As a final illustrative example of the importance of the quantiles of m, consider the hypothetical scenario of two American football teams playing a match whose parameters θ have been exactly matched three times previously. In those past matches, the outcomes were m = 3, m = 7, and m = 35. In this fictitious example, the median is 7 but the mean is 15. Now imagine that the point spread for the next match has been set to s = 10 (home team favored to win the match by 10 points). Assuming that one has committed to wagering on the match, the optimal decision is to bet on the visiting team, despite that fact that the home team has won the previous matches by an average of 15 points.

Materials and methods

All analysis was performed with custom Python code compiled into a Jupyter Notebook (available at https://github.com/dmochow/optimal_betting_theory). The figures and tables in this manuscript may be reproduced by executing the notebook.

Empirical data

Historical data from the National Football League (NFL) was obtained from bettingdata.com, who has courteously permitted the data to be shared on the repository listed above. All regular season matches from 2002 to 2022 were included in the analysis (n = 5412). The data set includes point spreads and point totals (with associated payouts) from a variety of sportsbooks, as well as a “consensus” value. The latter was utilized for all analysis.

Data stratification

In order to estimate quantiles of the distributions of margin of victory and point totals from heterogeneous data (i.e., matches with disparate relative strengths of the home and visiting teams), the sportsbook point spread and sportsbook point total were used as a surrogate for the parameter vector defining the identity of each individual match (θ in the text). This permitted the estimation of the 0.476, 0.5, and 0.524 quantiles over subsets of congruent matches.
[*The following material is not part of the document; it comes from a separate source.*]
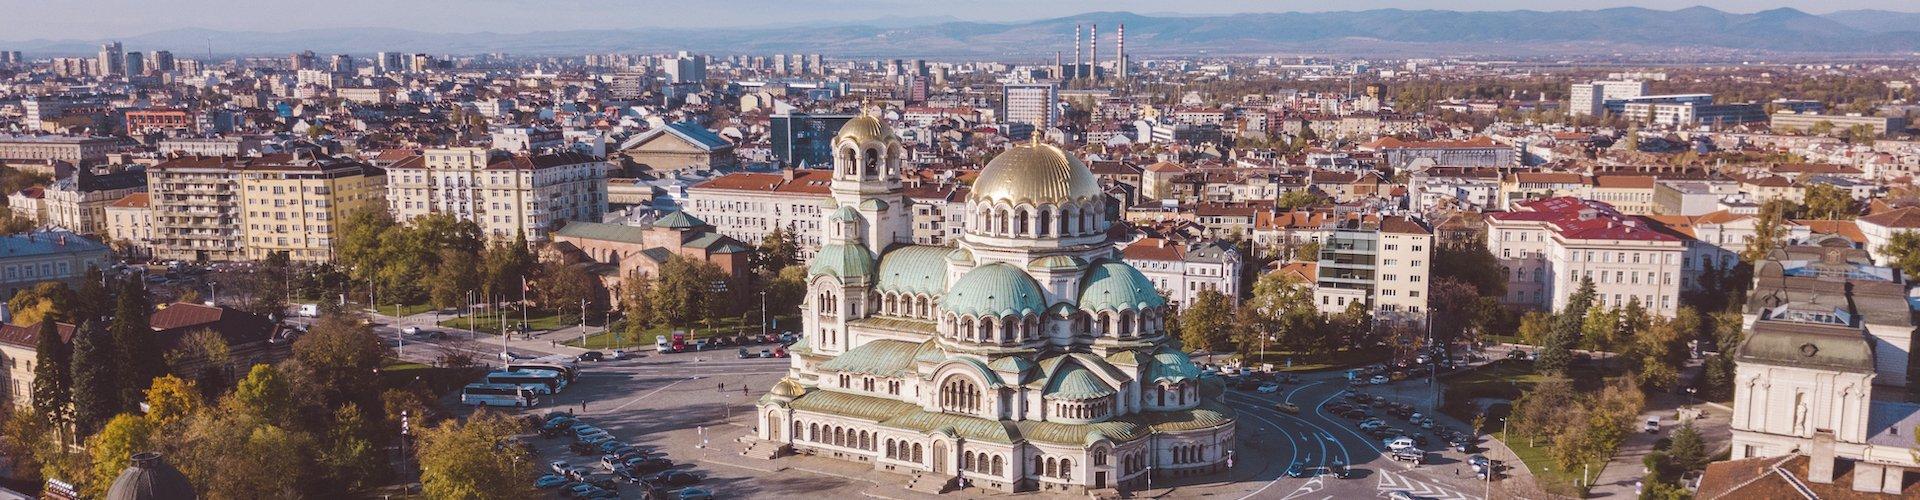 Ausflugsziel Sofia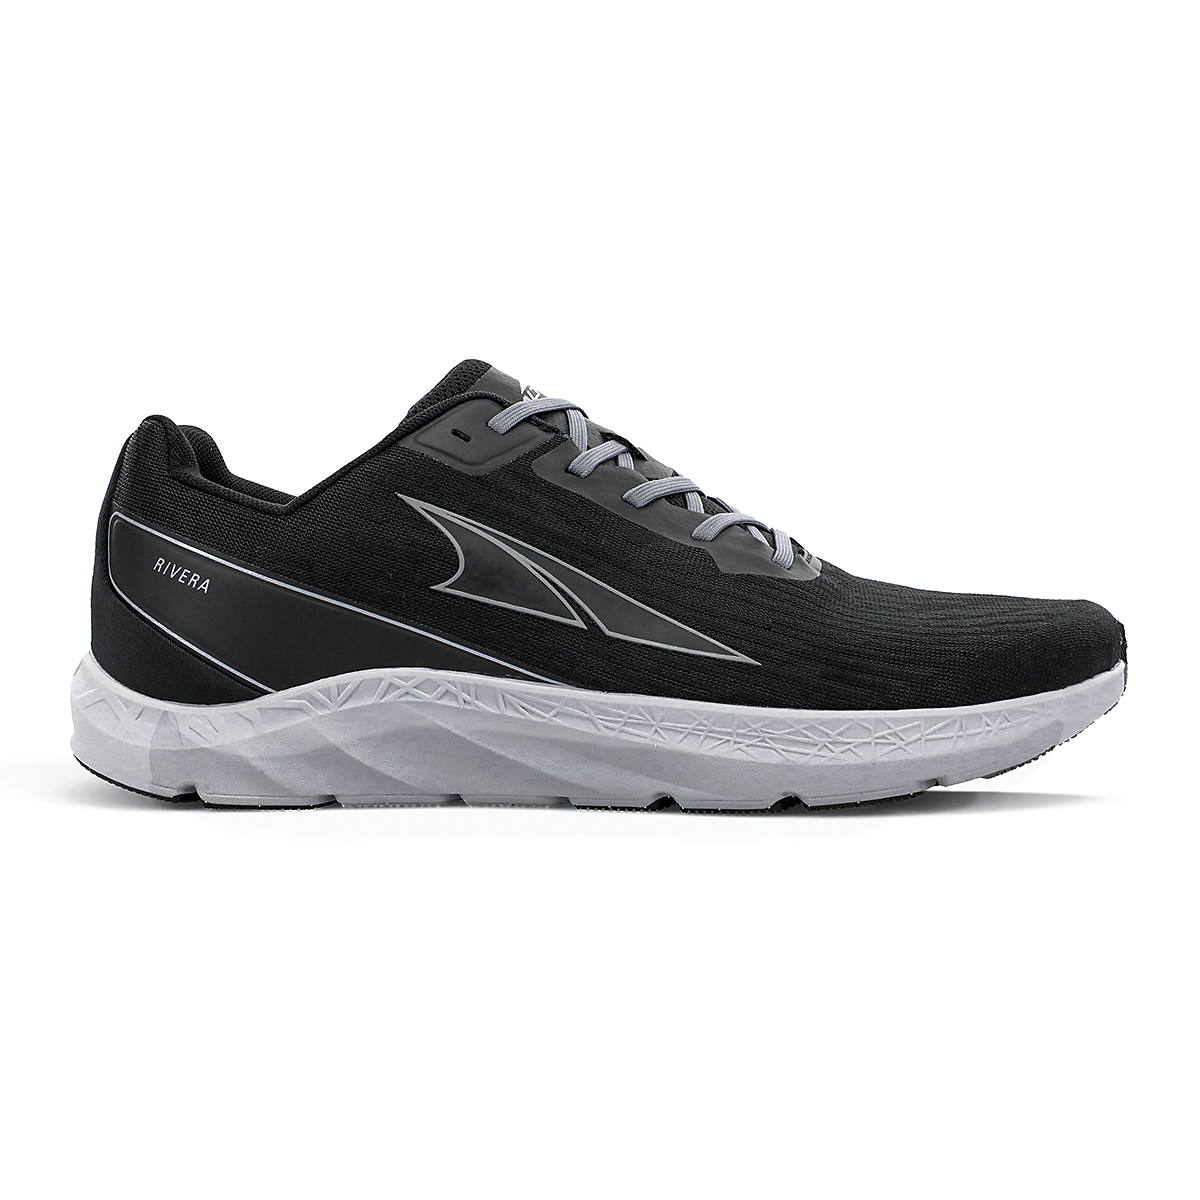 Men's Altra Rivera Running Shoe - Color: Black/Gray - Size: 7 - Width: Regular, Black/Gray, large, image 1

Only spreads or totals with at least 100 matches in the dataset were included, such that estimation of the median would be sufficiently reliable. To that end, data was stratified into 21 samples for the analysis of margin of victory: {-7, -6, -3.5, -3, -2.5, -2, -1, 1, 2, 2.5, 3, 3.5, 4, 4.5, 5, 5.5, 6, 6.5, 7, 7.5, 10) and 24 samples for the analysis of point totals (37, 37.5, 38, 39, 39.5, 40, 40.5, 41, 41.5, 42, 42.5, 43, 43.5, 44, 44.5, 45, 45.5, 46, 46.5, 47, 47.5, 48, 48.5, 49 }. This resulted in the employment of n = 3843 matches in the analysis of point spreads and n = 4300 matches in the analysis of point totals.

Note that the stratification process did not account for varying payouts, for example −110 versus −105 in the American odds system, as this would greatly increase the number of stratified samples while decreasing the number of matches in each sample. It is likely that the resulting error is negligible, however, due to the likelihood of the payout discrepancy being fairly balanced across the home and visiting teams.

Median estimation

In order to overcome the discrete nature of the margins of victory and point totals, kernel density estimation was employed to produce continuous quantile estimates. The KernelDensity function from the scikit-learn software library was employed with a Gaussian kernel and a bandwidth parameter of 2. For the margin of victory, the density was estimated over 4000 points ranging from -40 to 40. For the analysis of point totals, the density was estimated over 4000 points ranging from 10 to 90. The regression analysis relating median outcome to sportsbook estimates (Fig 1) was performed with ordinary least squares (OLS).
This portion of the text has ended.